Members of the All-India Lawyers' Union, Indian Lawyers Association, Lawyers for Human Rights, and Students for Secularism met Oct. 29 at a seminar in Madurai, to express their opposition to the law.
Indian Lawyers' Association secretary K. Swamithurai pointed out that the term used in the law, "allurement," is so broad as to cover even such acts of charity as those once practiced by Mother Teresa, according to SAR News.
Lawyers for Human Rights secretary T. Lajapathy Roy cited Article 25 of the Indian Constitution: "The freedom of worship enshrined in Article 25 protects minorities. When some members sought to introduce subclauses to the article banning conversion of minors or by fraud, the late C. Rajagopalachari pointed out that forcible conversion was punishable under the Indian Penal Code, and that there was no need to add such clauses."
According to Students for Secularism secretary R. Gandhi, the law's provision against "forcible conversion" is vague and can restrict even voluntary conversions. Freedom of religion, as a fundamental right, should not be curtailed, Gandhi said.

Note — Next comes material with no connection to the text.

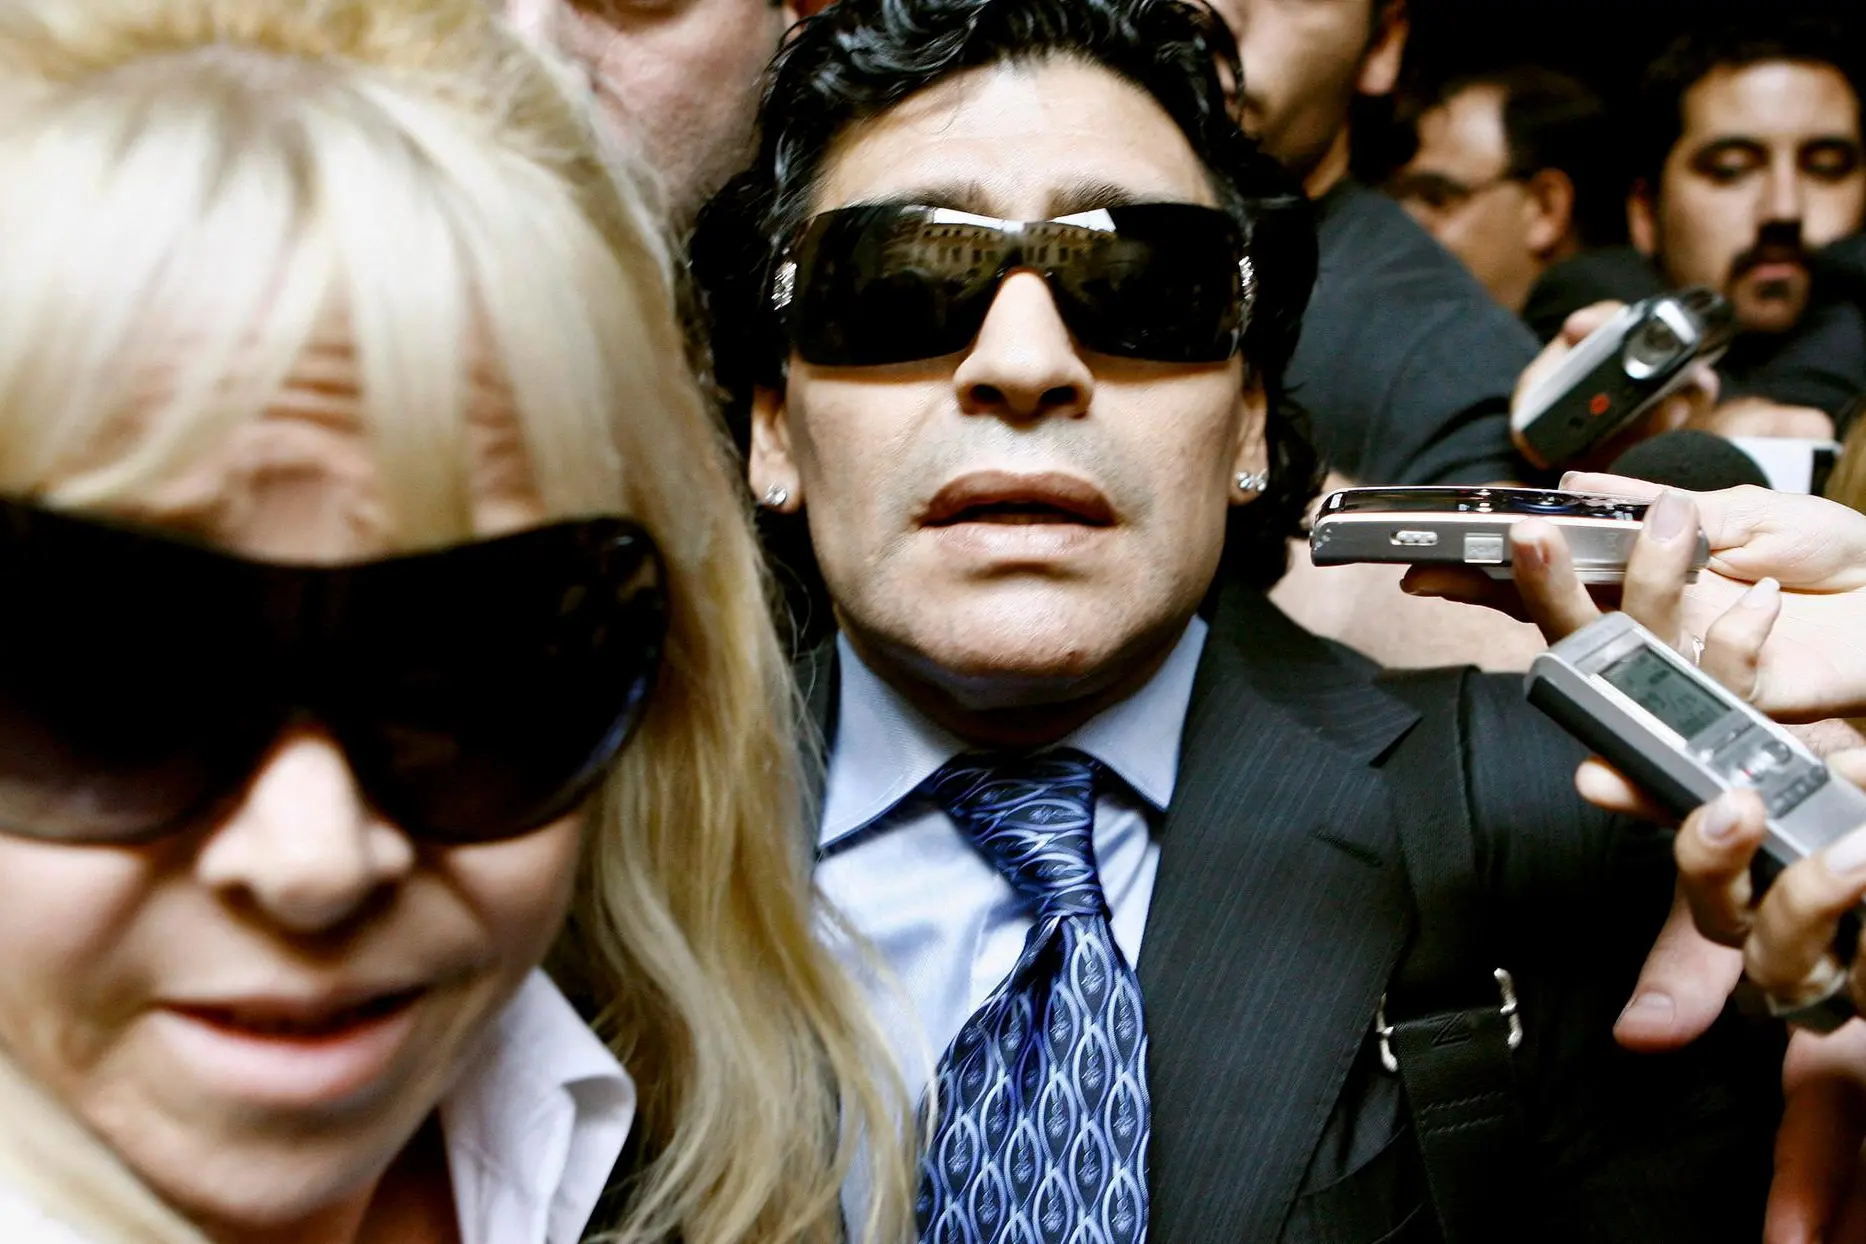 迭戈·马拉多纳 (Diego Maradona) 和克劳迪娅·维拉法内 (Craudia Villafane) 的档案照片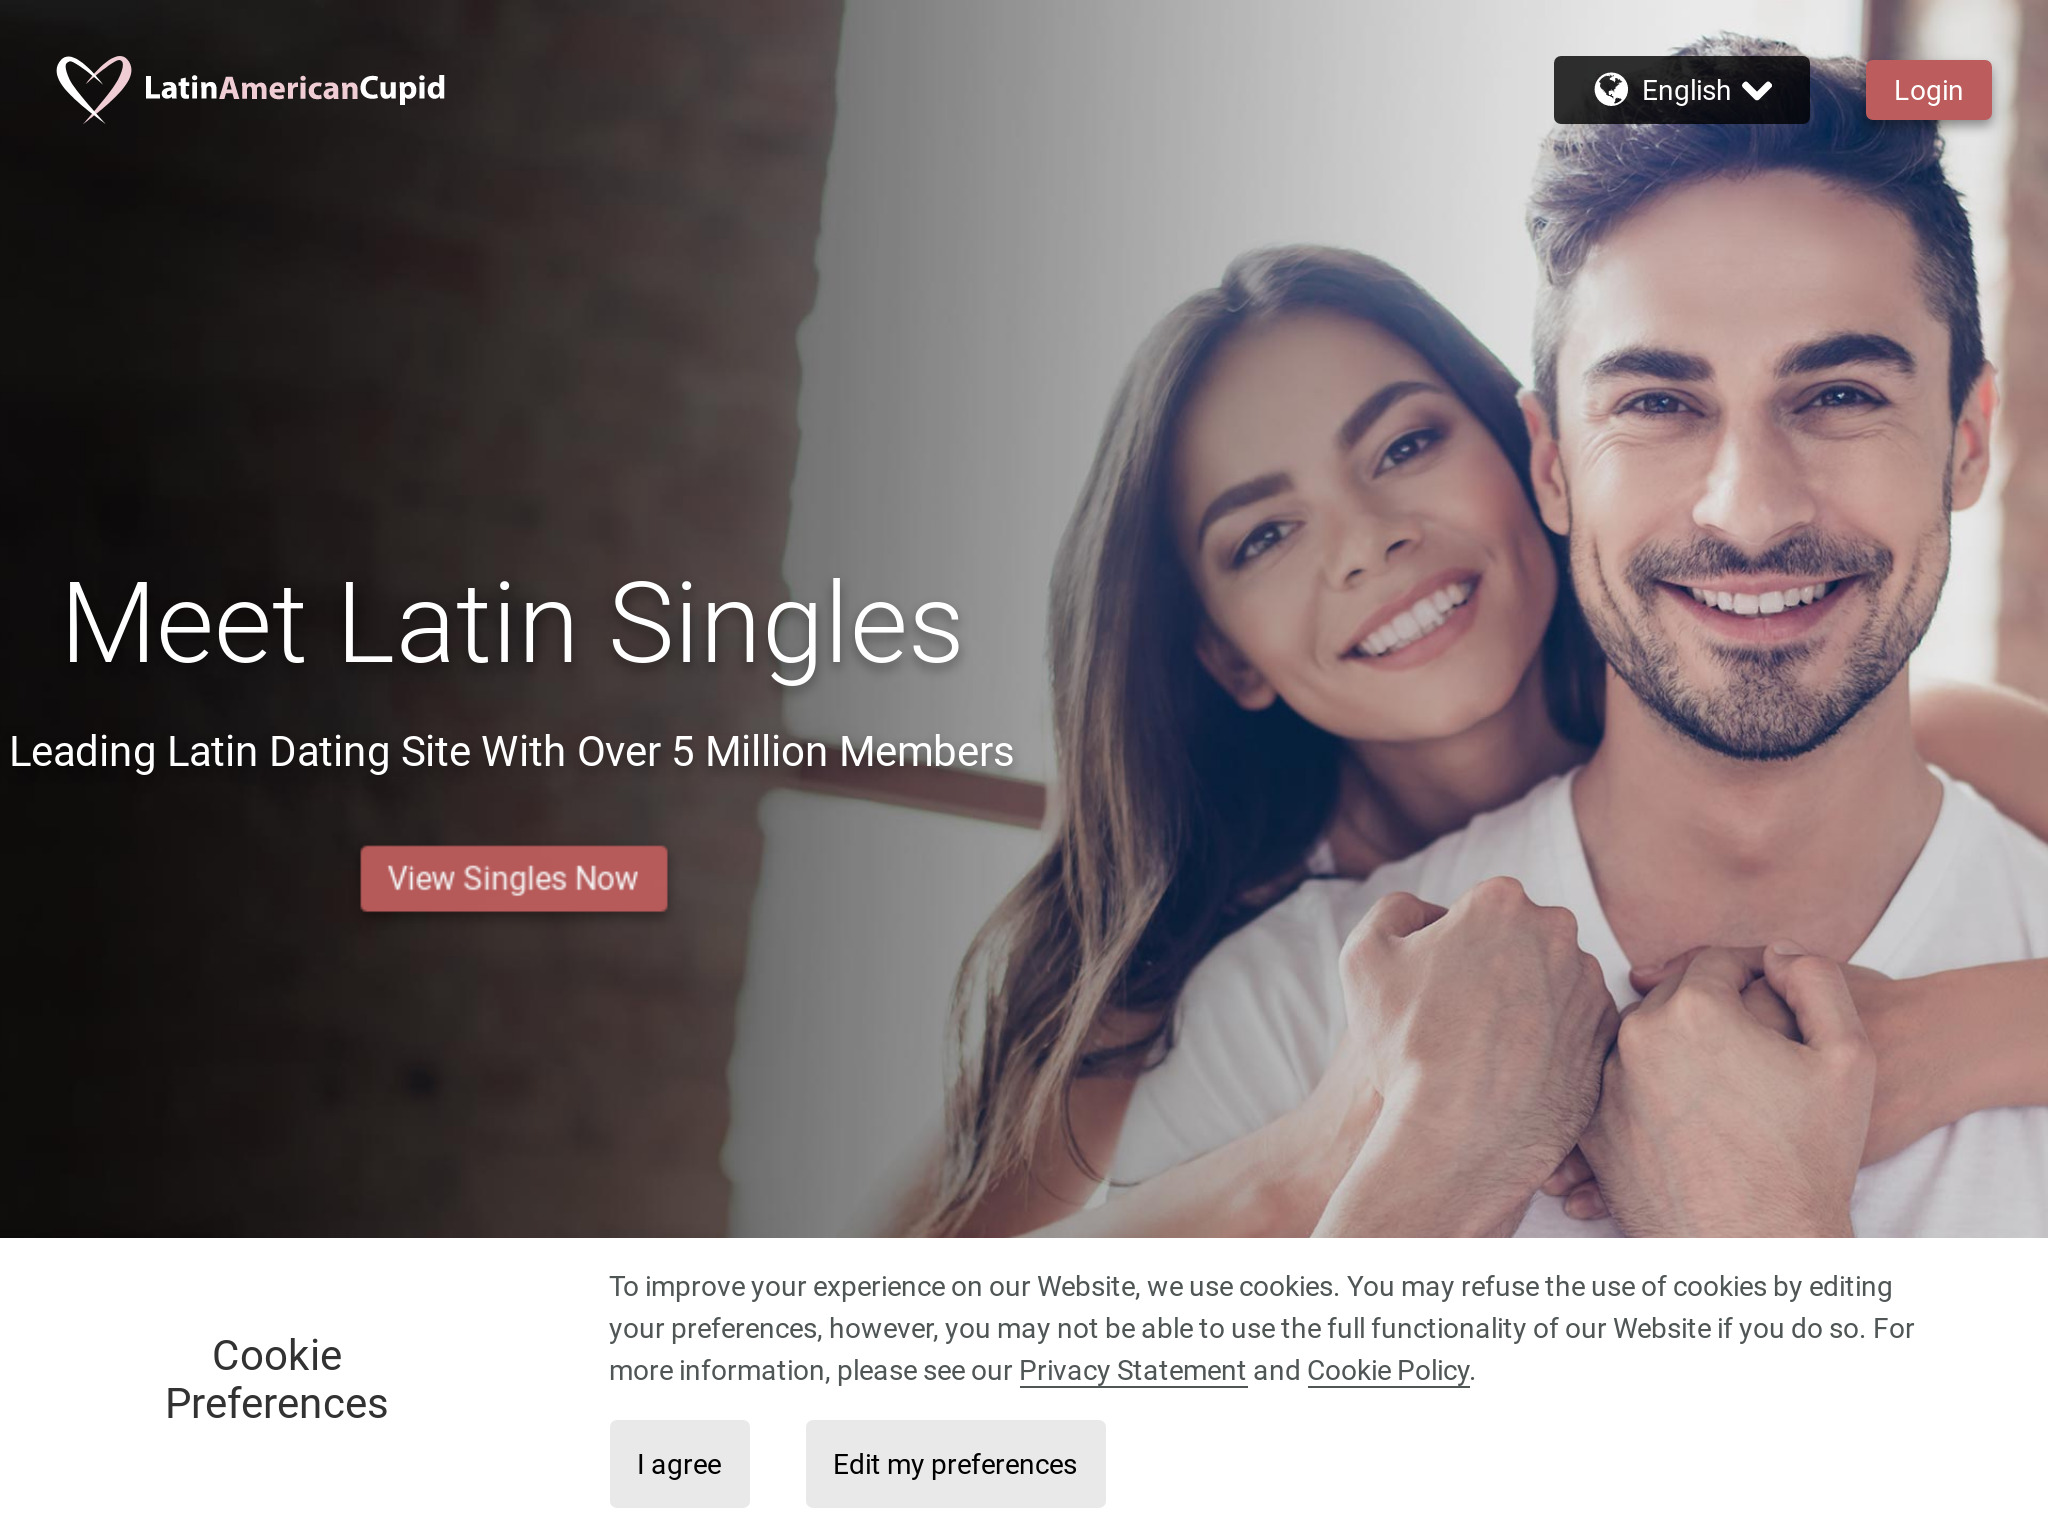 Volte ao jogo com nossa análise do LatinAmericanCupid

Indian Lawyers' Association president P. Dharmaraj called on members of the majority community and especially all secular forces to accept responsibility to maintain the basic secular concept of the Constitution, and to oppose all laws which would threaten freedom of religion.
The so-called black law, introduced by the state government in an apparent attempt to placate Hindu fundamentalists, puts a special burden on the Dalits, for whom freedom of religion has been the only possible route to social parity -- a way that is barred now, as K. Sultan Alaudheen, executive president of the All-India Lawyers Union, noted.